Updated Feb. 8, 2021.

In 2008, the death of Caylee Anthony gripped headlines across the United States after her mother Casey Anthony was charged with first-degree murder. The case attracted a significant amount of news attention and quickly became a media circus. Forty million people watched testimony in the case which became the main topic of talk shows across the country.

Now, thirteen years after her daughter’s death, Casey Anthony is back to making headlines. After enduring so much legal trouble, Anthony is thrusting herself back into the legal field again, this time for business.

Casey Anthony is raising eyebrows once again after filing paperwork to open a private investigation company in South Florida.

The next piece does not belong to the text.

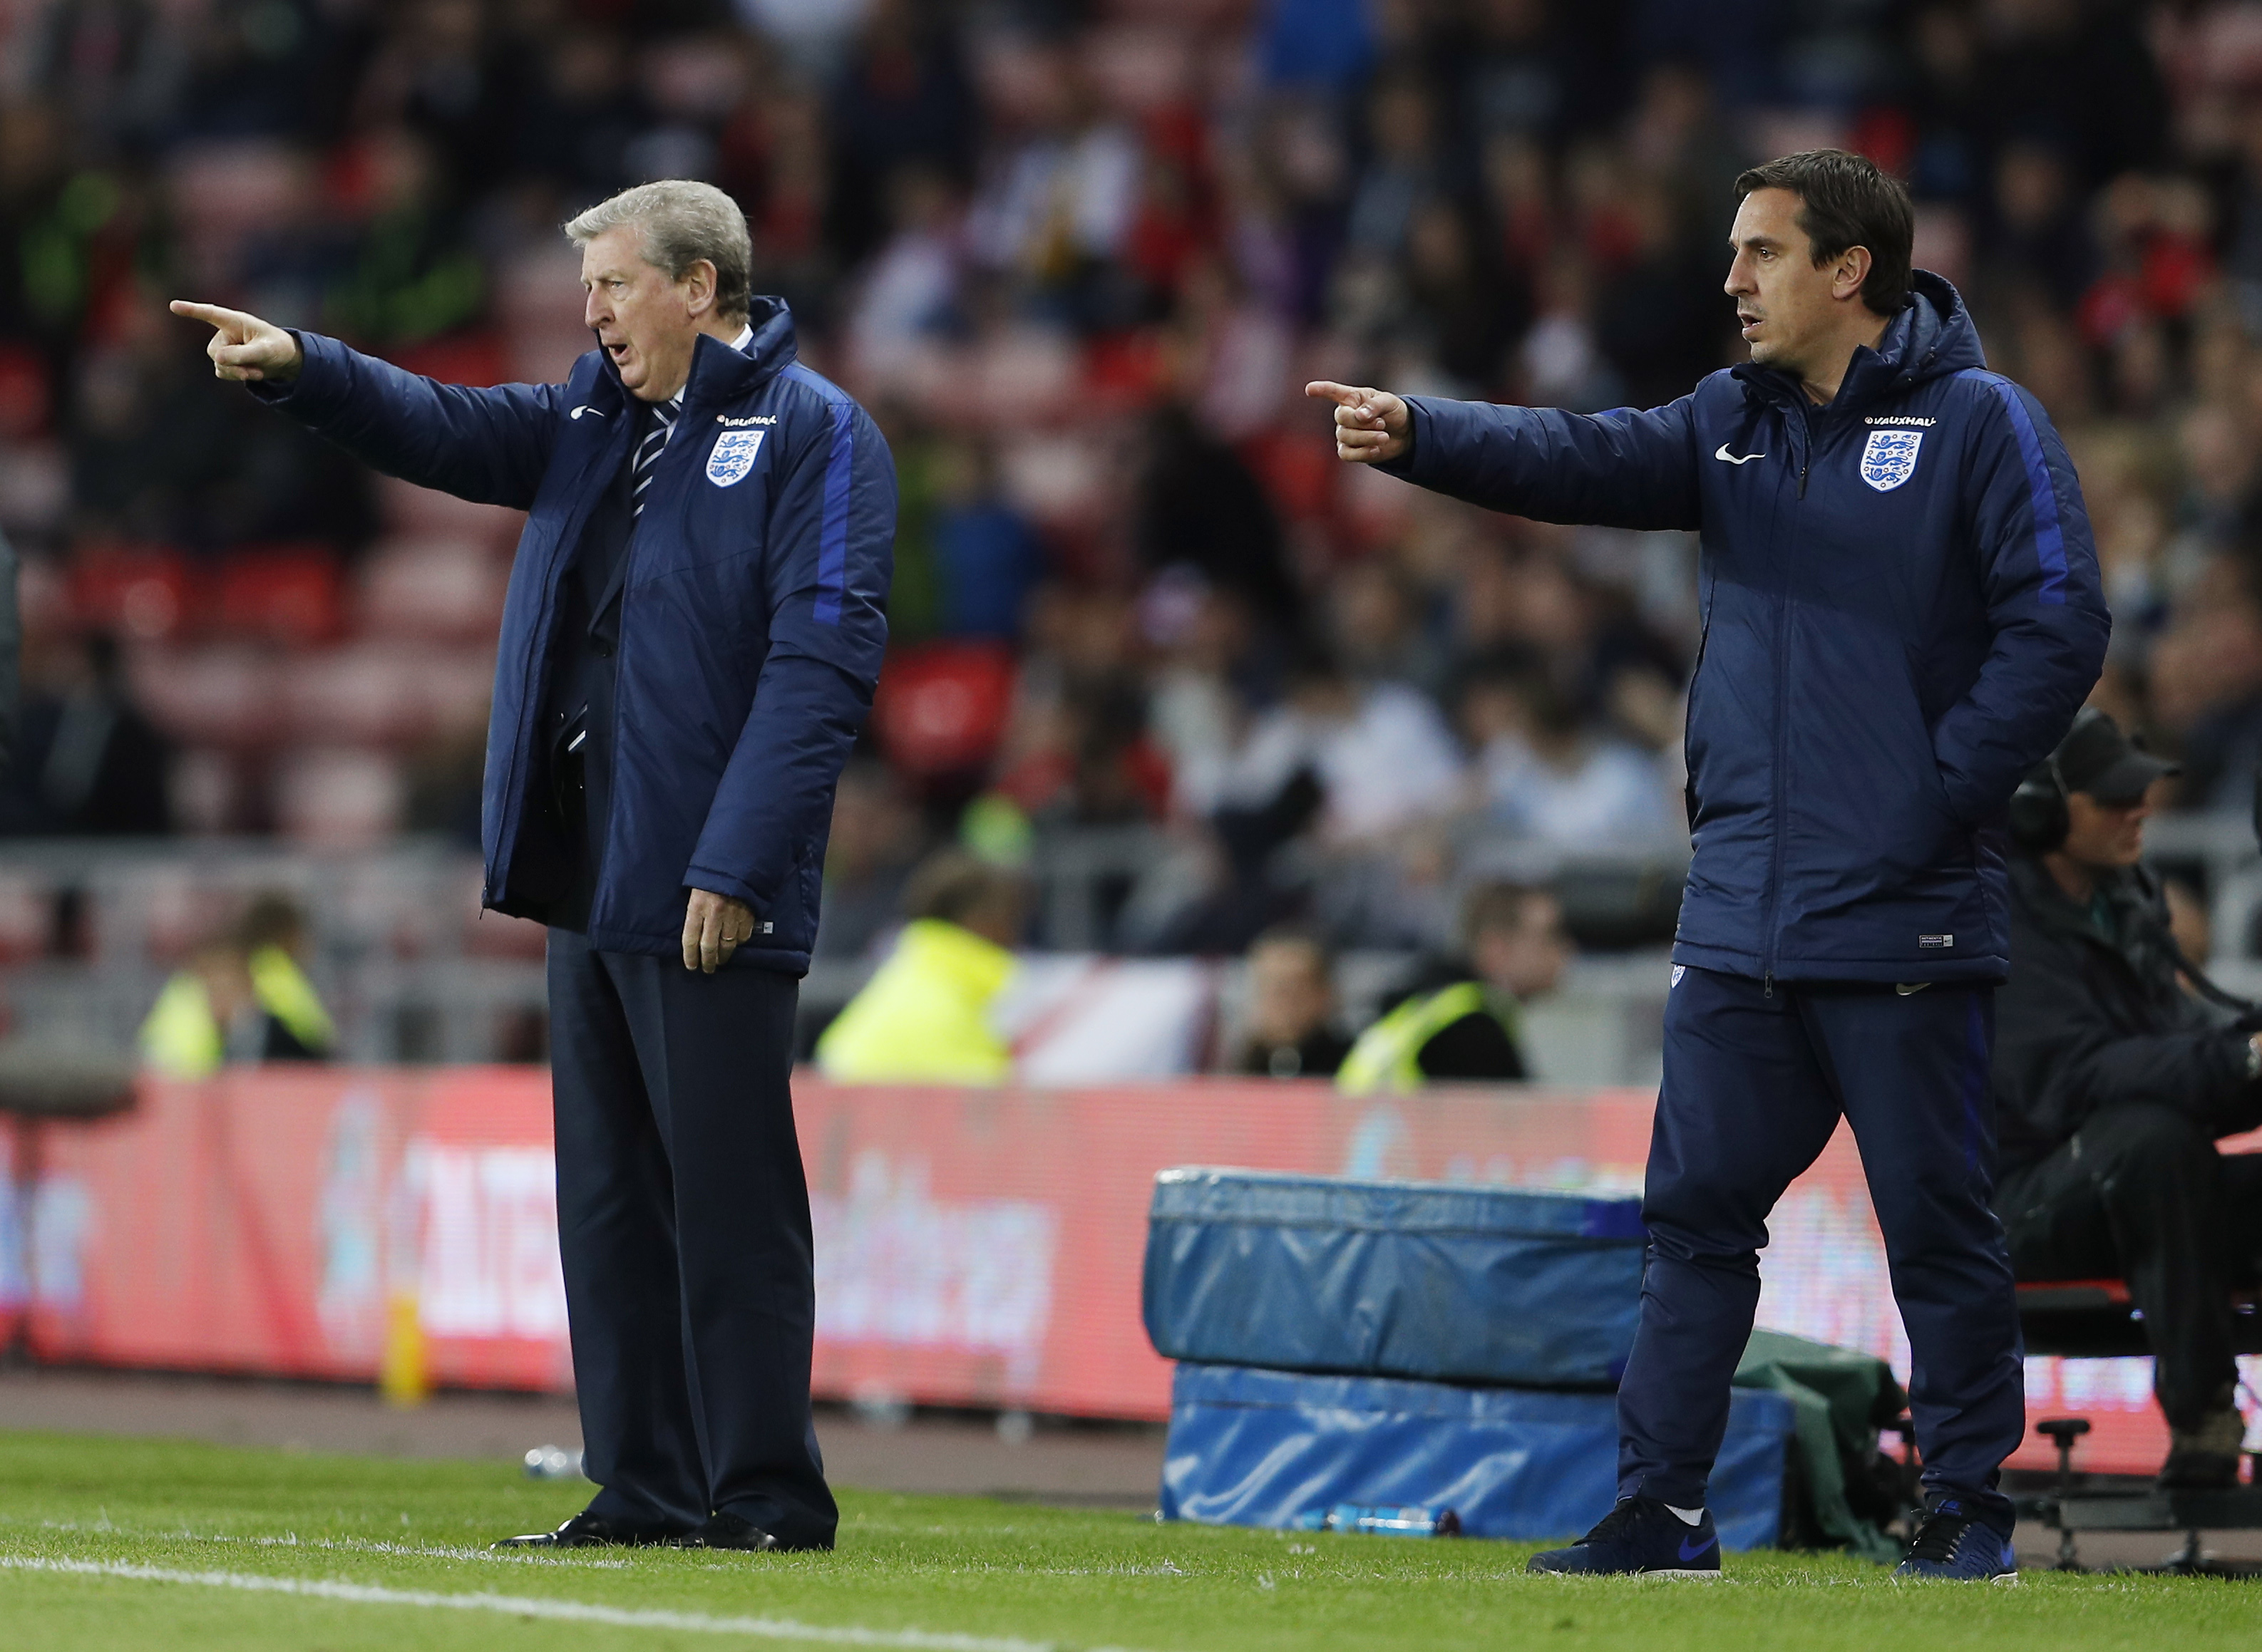 Britain Football Soccer - England v Australia - International Friendly - Stadium of Light, Sunderland - 27/5/16 England manager Roy Hodgson and assistant Gary Neville (R) Action Images via Reuters / Lee Smith Livepic EDITORIAL USE ONLY.

Anthony filed documents listing herself as a registered agent of Case Research & Consulting Services, LLC last December. Her business, according to People, was registered to a home in West Palm Beach owned by Patrick McKenna. During the time of her trial, McKenna worked as Anthony’s lead investigator.

According to state records, Anthony does not have a Florida private investigator’s license. As a convicted felon she will not be able to obtain a license.

Casey Anthony is also now pushing to become a movie producer.

 According to TMZ Anthony and co-producers, Tamra Simmons and Ebony Porter-Ike are setting out to produce a movie about her daughter’s murder in an effort to clear her name.

TMZ says that the producers behind the documentary say Anthony is “finally ready to clear her name, bring justice to her daughter, and begin the process of establishing her daughter’s legacy in a different light.”

“She knows what it’s like to be accused of something that she didn’t do,” a source told People. “She wants to help other wrongfully accused people, especially women, and help them get justice.” The source noted that Anthony has yet to obtain clients. “It’s in the very early stages,” explained the source. “She has big plans for her future, and hopes that it will change how people see her.”

In 2008, Anthony was charged with first-degree murder for the disappearance of her daughter Caylee.

Anthony’s case became notorious after it came out that she had not reported her daughter missing until 31 days after she disappeared. A massive search went underway for the toddler who was almost three. The search ended when her body was found in a wooded lot near Anthony’s family home.

On July 5, 2011, a jury found Casey not guilty of first-degree murder, aggravated child abuse, and aggravated manslaughter of a child. They did, however, find her guilty of four misdemeanor counts of providing false information to a law enforcement officer.

After she was acquitted, a Department of Corrections spokeswoman Gretl Plessinger described Casey as “the court made a pretty strong statement that she was one of the most hated women in America.”